Seguridad contra libertad
MADRID, 20 (OTR/PRESS)
Supongo que la cosa empezó con los porteros automáticos. Fue gracias -o por culpa- de ese invento que las puertas de nuestras casas empezaron a cerrarse sofisticando cada vez más el aislamiento: cámaras de vigilancia de verdad y hasta de mentira, blindajes varios, asegúrese de cerrar la puerta si va a sacar dinero un cajero automático, cubra su mano mientras marca la clave de seguridad, más cámaras por las calles, sistemas de video vigilancia para ver qué hacen nuestros hijos en las guarderías por no hablar de esa humillación cotidiana que es coger un avión. Tarde o temprano tenía que llegar y ya está aquí: el Gran Hermano se llama Sitel y la alegre controversia es dotarlo de una ley orgánica o no.
Personalmente debo reconocer que me traen sin cuidado las garantías "oficiales" con las que se acompañe: me preocupa el sistema mismo capaz de rastrear todos mis movimientos y los de la gente que se vaya comunicando conmigo hasta crear a mi alrededor una tupida malla de absoluta inseguridad; pero es que, a la vez, yo puedo entrar en contacto con alguien sobre el que Sitel tiene puesto su tentáculo y de esa forma vuelvo a entrar en otra malla paralela que terminará fundiéndose con la mía dejando semipública nota sobre toda mi vida y mis circunstancias. Ya sé que sin orden judicial previa semejante información no sería valida ante un tribunal, pero no es eso lo que me inquieta: lo más o menos terrorífico es que una serie de gente, de funcionarios, de personas tan imperfectas como yo, con sólo apretar un botón puedan disponer de todos los datos referentes a mi vida y a mi entorno.
La reflexión no es baladí y no vale salir al paso con esa majadería de que el que no tiene nada que esconder, nada tiene que temer porque yo escondo -debería poder esconder- lo que me venga en gana y por esa regla de tres sobrarían todos los derechos que protegen la intimidad.

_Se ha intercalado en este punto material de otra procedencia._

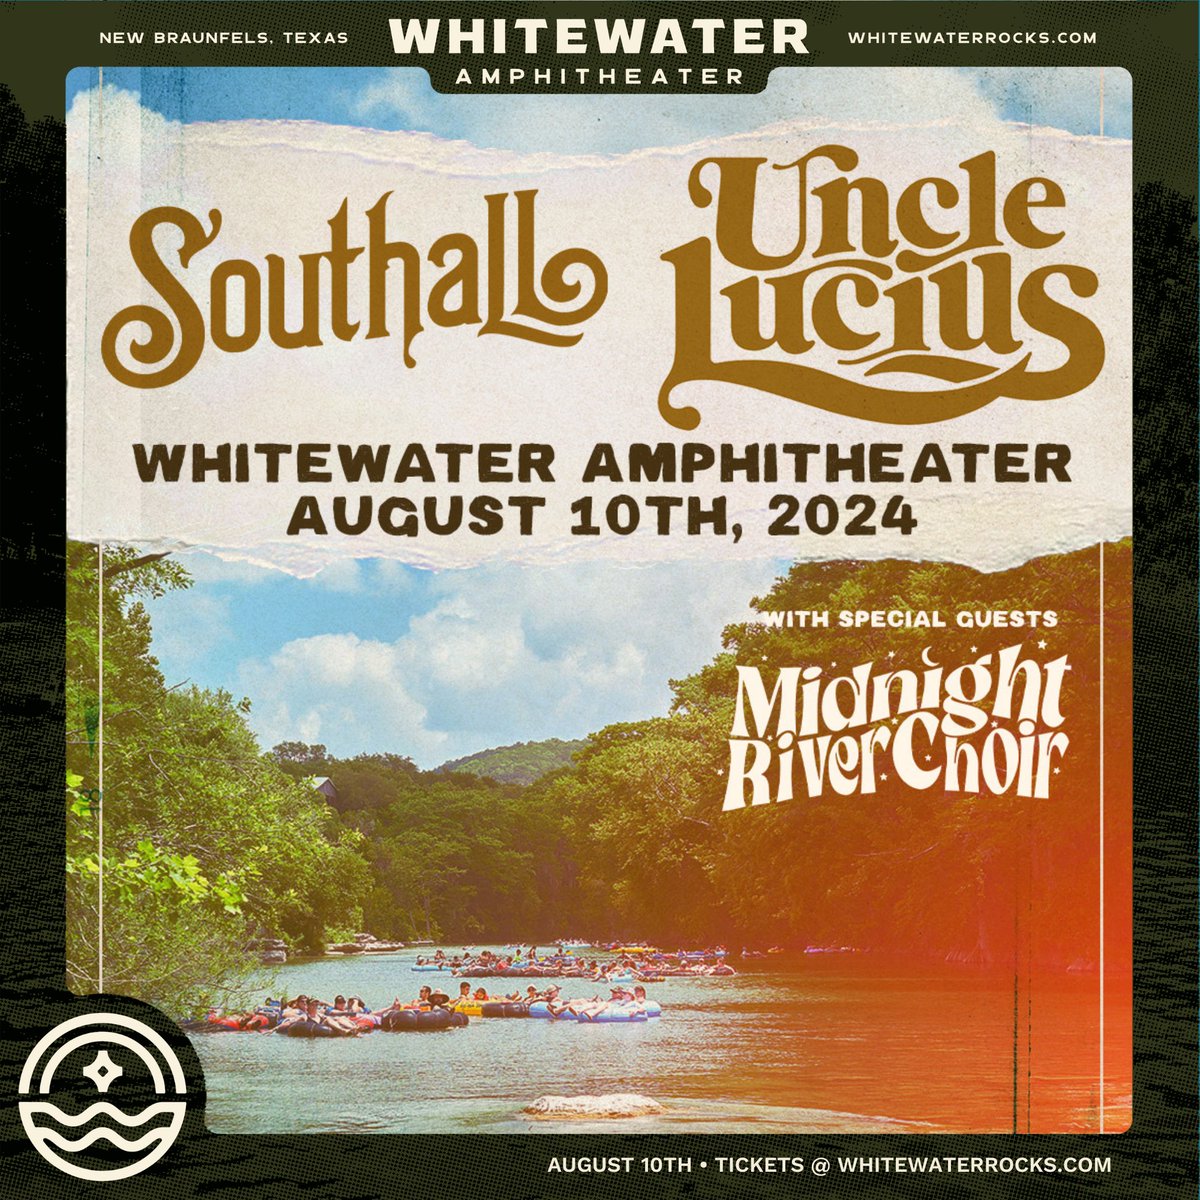 📣Just announced!!! @ReadSouthall and @UncleLucius with special guest @12amRiverChoir on August 10th! Tickets on sale Friday at 10 am. *There is an 8 ticket limit per user #2024summer #southall #unclelucius #nbtx #ontheriverunderthestars

Se ha repetido estos días que Sitel es sólo un programa y que su bondad o maldad depende del uso que se le de. No es cierto. Sitel es una amenaza en si mismo por la desproporción de su capacidad frente el individuo y la indefensión en la que queda la persona que ignora que con razón o sin ella (y eso es lo importante) está siendo observada en sus movimientos y escuchada en sus conversaciones.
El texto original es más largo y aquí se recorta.